Positron Emission Tomography (PET) scans are a powerful diagnostic imaging tool. They provide functional insights into the body’s tissues and organs, complementing anatomical imaging methods. A key component often used is fluorodeoxyglucose (FDG). This article explores what FDG is and its significant role in PET imaging.
What is FDG?
FDG, or Fluorodeoxyglucose F 18, is a radioactive tracer. It is a molecule that closely resembles regular glucose, the body’s primary sugar source. Cells readily take up glucose for energy, and FDG mimics this natural process, allowing its absorption by cells with high metabolic activity.
The “F-18” refers to Fluorine-18, a radioactive isotope that emits positrons. Fluorine-18 has a short half-life of about 109.8 minutes, decaying quickly and limiting patient exposure. This radioactive labeling allows medical professionals to track the FDG’s distribution within the body.
How FDG Works in a PET Scan
An FDG-PET scan typically begins with an intravenous (IV) injection of FDG. After injection, a waiting period of 30 to 60 minutes allows the FDG to circulate and be absorbed by the body’s cells. During this uptake phase, patients are asked to rest quietly to ensure optimal distribution of the tracer.
Cells with high metabolic rates, such as active cancer cells, brain cells, and heart muscle cells, readily take up FDG just as they would normal glucose. This uptake occurs via glucose transporter proteins (GLUTs). After entering the cell, FDG is phosphorylated by an enzyme called hexokinase, forming FDG-6-phosphate. Unlike regular glucose, FDG cannot be further metabolized, effectively “trapping” it inside the cell.
The trapped Fluorine-18 in the FDG undergoes radioactive decay, emitting a positron. This positron travels a short distance before encountering an electron, leading to annihilation. This event produces two gamma rays, each with an energy of 511 keV, that travel in opposite directions. The PET scanner detects these simultaneous gamma rays. A computer reconstructs a detailed three-dimensional image from their arrival times and locations, showing where the FDG has accumulated and indicating areas of increased metabolic activity within the body.
Clinical Applications of FDG-PET
FDG-PET scans are used across medical specialties to visualize metabolic processes. A primary application is in oncology, where FDG-PET helps in the detection, staging, and monitoring of many cancers. Cancer cells often exhibit higher metabolic rates and increased glucose uptake compared to normal cells, leading to greater FDG accumulation, which appears as “hot spots” on the scan. This allows clinicians to identify malignant tumors, assess disease extent, detect recurrence, and evaluate treatment effectiveness.
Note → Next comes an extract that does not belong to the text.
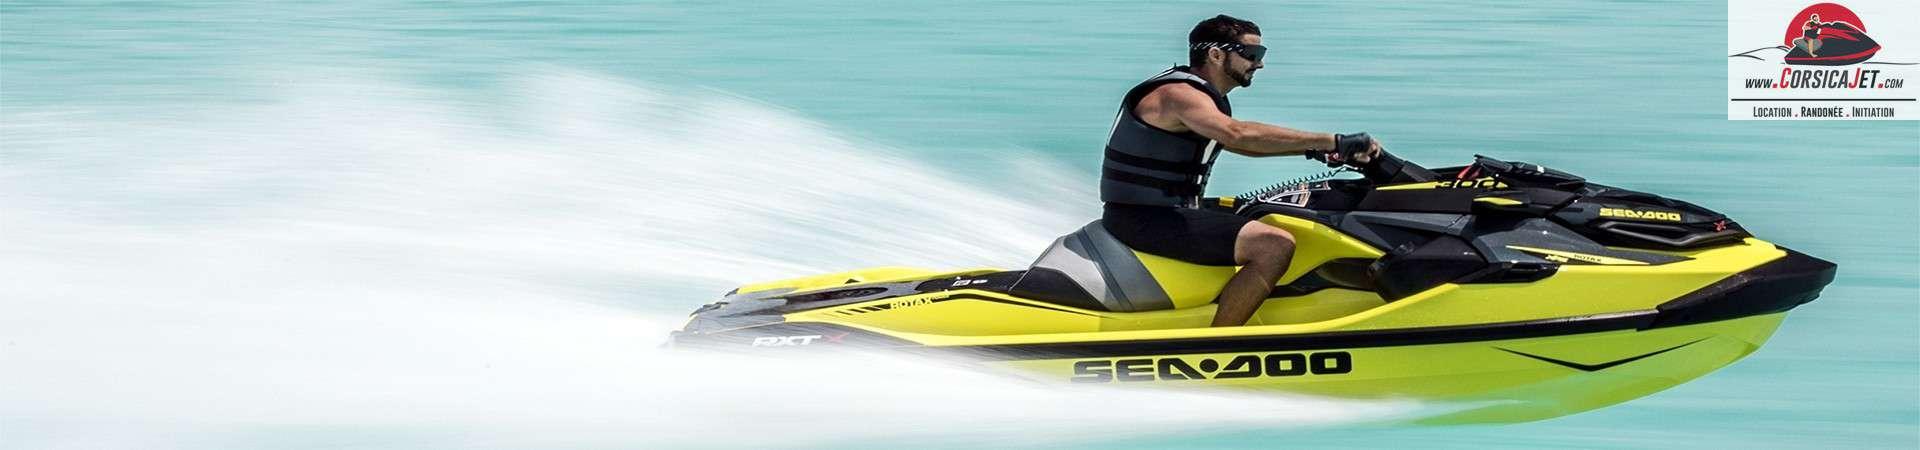 initiation sans permis 30 corsica jet ski porto vecchio

In neurology, FDG-PET diagnoses conditions affecting brain metabolism. It helps diagnose Alzheimer’s disease by showing reduced glucose metabolism patterns in specific brain regions. The scan also assists in locating seizure foci in patients with epilepsy, as these areas often show altered metabolic activity. FDG-PET offers insights into neuronal activity that can precede structural changes.
FDG-PET is valuable in cardiology for assessing myocardial viability. It identifies heart muscle tissue that is dysfunctional but viable and potentially salvageable through interventions like revascularization. This is achieved by observing the heart’s glucose metabolism, which increases in ischemic (low blood flow) conditions, indicating viable tissue.
FDG-PET also identifies inflammation or infection. Immune cells involved in inflammatory and infectious processes have elevated metabolic demands, similar to cancer cells, leading to increased FDG uptake. This makes FDG-PET useful for diagnosing conditions such as fever of unknown origin, osteomyelitis, and certain autoimmune diseases.